→ Data for analysis:
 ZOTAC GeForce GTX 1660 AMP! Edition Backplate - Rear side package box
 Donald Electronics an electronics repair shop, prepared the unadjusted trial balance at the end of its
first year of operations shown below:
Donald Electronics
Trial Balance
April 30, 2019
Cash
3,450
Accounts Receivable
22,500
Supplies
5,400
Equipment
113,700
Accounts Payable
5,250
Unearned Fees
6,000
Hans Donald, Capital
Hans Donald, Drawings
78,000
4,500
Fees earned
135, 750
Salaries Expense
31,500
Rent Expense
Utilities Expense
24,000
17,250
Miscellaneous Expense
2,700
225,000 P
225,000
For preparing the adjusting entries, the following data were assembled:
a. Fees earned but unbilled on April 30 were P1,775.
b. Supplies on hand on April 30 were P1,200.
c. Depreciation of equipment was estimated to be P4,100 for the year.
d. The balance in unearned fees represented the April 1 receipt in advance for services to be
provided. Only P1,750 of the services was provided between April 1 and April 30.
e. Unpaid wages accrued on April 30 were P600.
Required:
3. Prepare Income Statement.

--

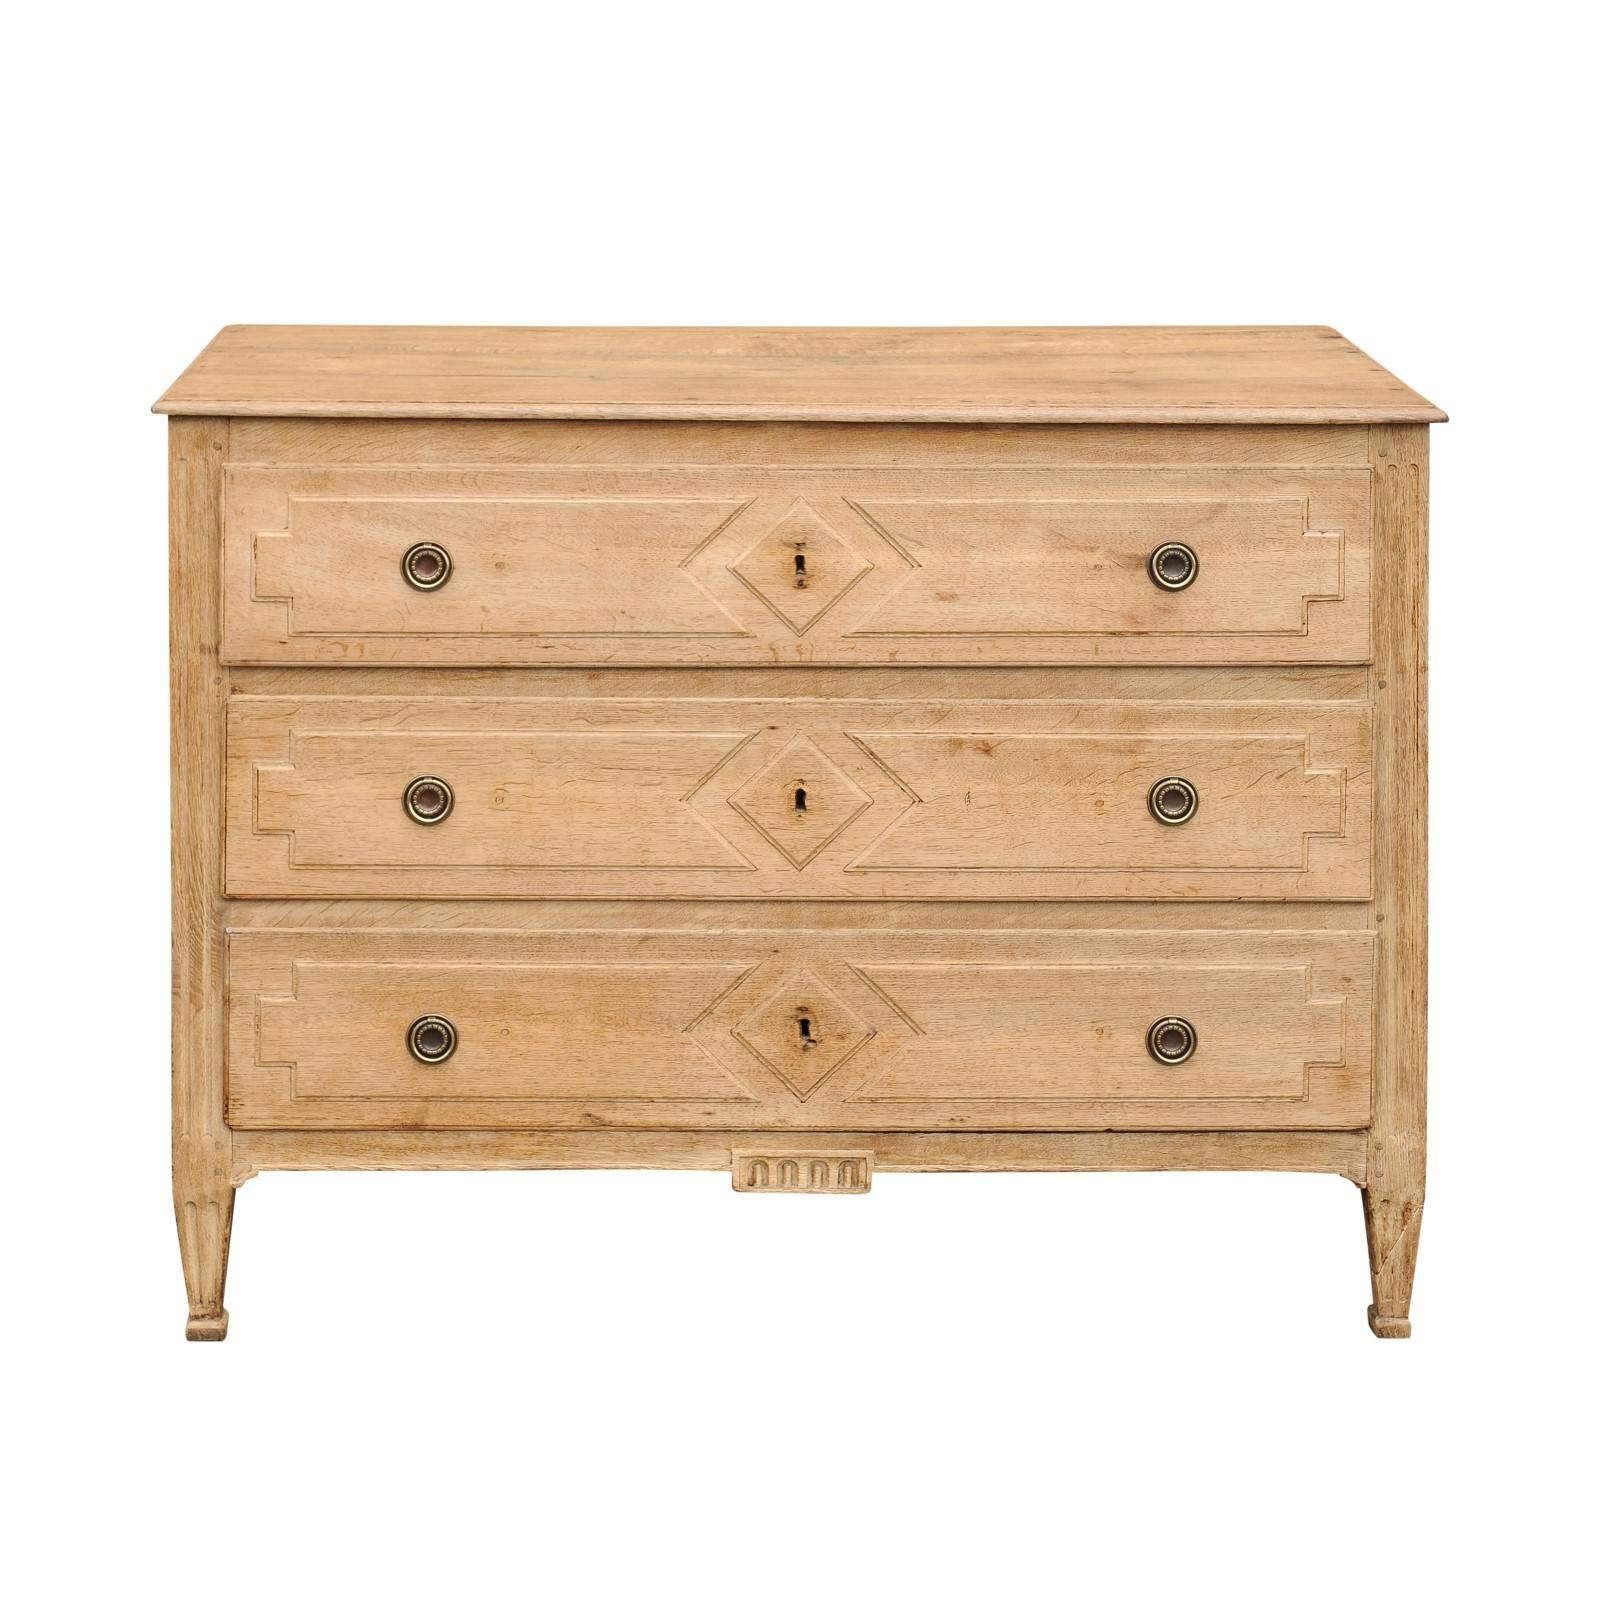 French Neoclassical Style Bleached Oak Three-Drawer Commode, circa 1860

→ Problem: From the data above, reproduce word for word the lines running from the line with "ZOTAC GeForce GTX" to the line with "c. Depreciation of", ends included.

→ Task response:
 ZOTAC GeForce GTX 1660 AMP! Edition Backplate - Rear side package box
 Donald Electronics an electronics repair shop, prepared the unadjusted trial balance at the end of its
first year of operations shown below:
Donald Electronics
Trial Balance
April 30, 2019
Cash
3,450
Accounts Receivable
22,500
Supplies
5,400
Equipment
113,700
Accounts Payable
5,250
Unearned Fees
6,000
Hans Donald, Capital
Hans Donald, Drawings
78,000
4,500
Fees earned
135, 750
Salaries Expense
31,500
Rent Expense
Utilities Expense
24,000
17,250
Miscellaneous Expense
2,700
225,000 P
225,000
For preparing the adjusting entries, the following data were assembled:
a. Fees earned but unbilled on April 30 were P1,775.
b. Supplies on hand on April 30 were P1,200.
c. Depreciation of equipment was estimated to be P4,100 for the year.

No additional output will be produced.